A common known dimensionality reduction is the occurence of shadows which map a 3 dimensional object onto a 2 dimensional plane. By moving the light source in the 3 dimensions we can modify the shadow - in this regard dimensionality reduction algorithms try to find a good position of our light source to preserve as much information as possible about the distance of each object to another object in the high dimension space. A common measurement for this is variance and is used by PCA, principal component analysis.

We can use these algorithms to display all 70’000 images of the MNIST dataset in a single plot by reducing the 784 dimensions of pixels down to 2 dimensions so each picture is represented by a single dot in a 2 dimensional space.

from sklearn.decomposition import PCA

pca = PCA(n_components=2)
mnist_2dim = pca.fit_transform(mnist_data)
fig = plt.figure(figsize=(15, 15))
scatter = plt.scatter(mnist_2dim[:, 0], mnist_2dim[:, 1], c=mnist.target.astype(int), cmap='nipy_spectral', s=2.0)
plt.legend(*scatter.legend_elements());
../_images/machine_learning_64_0.png

It is remarkable that PCA could already separate all digits of 1 (purple) into its own space just by looking at the variance of the data - PCA is also an unsupervised algorithm and as such does not need any labels. Also all images of the digit 7 got positioned close to the images of 1 (orange) which intuitively makes sense.

Another dimensionality reduction algorithm which works well for 2 or 3 dimensional representation of data is T-sne which is also implemented in sklearn but, due to its complexity, takes some minutes to calculate.

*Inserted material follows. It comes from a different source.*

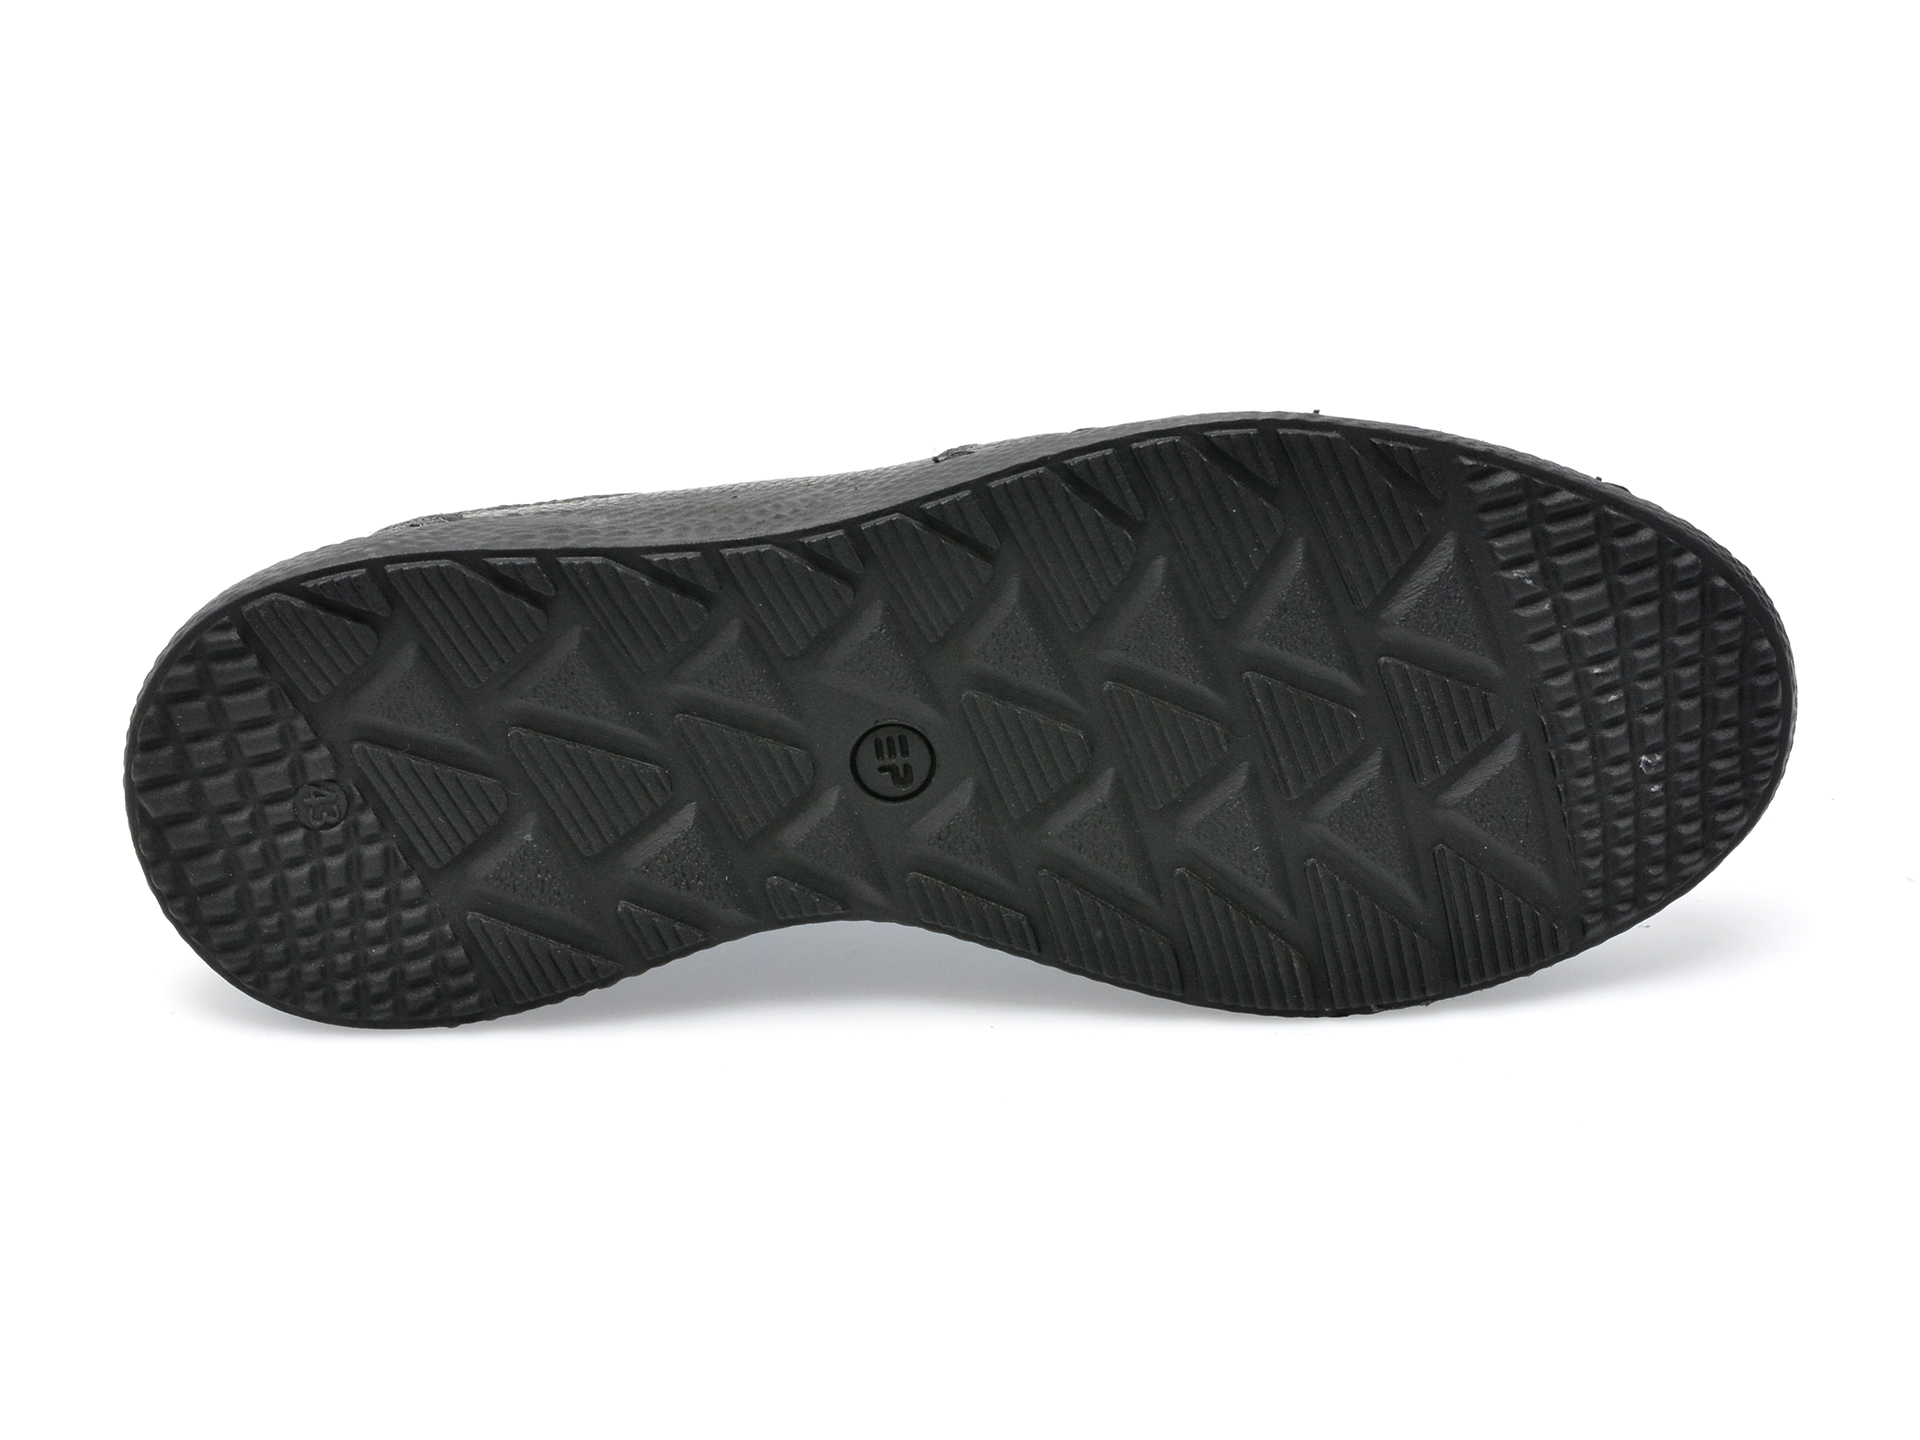 Poze Pantofi OTTER negri, 8561, din piele naturala Tezyo

from sklearn.manifold import TSNE

tsne = TSNE(n_components=2, random_state=42)
mnist_2dim_tsne = tsne.fit_transform(mnist_data)
fig = plt.figure(figsize=(15, 15))
scatter = plt.scatter(mnist_2dim_tsne[:, 0], mnist_2dim_tsne[:, 1], c=mnist.target.astype(int), cmap='nipy_spectral', s=2.0)
plt.legend(*scatter.legend_elements());
../_images/machine_learning_68_0.png

Using another algorithm on the same data yields much more promosing results. The clusters are much better separated and each cluster is less noisy compared to our PCA aproach. By drawing a line to segment each of the clusters we already would have made a good classification algorithm eventhough the dimensionality reduction algorithm never glimpsed at the underlying labels. Using these dimensionality reduction algorithms can also be used in an artistic way which we will explore in another notebook.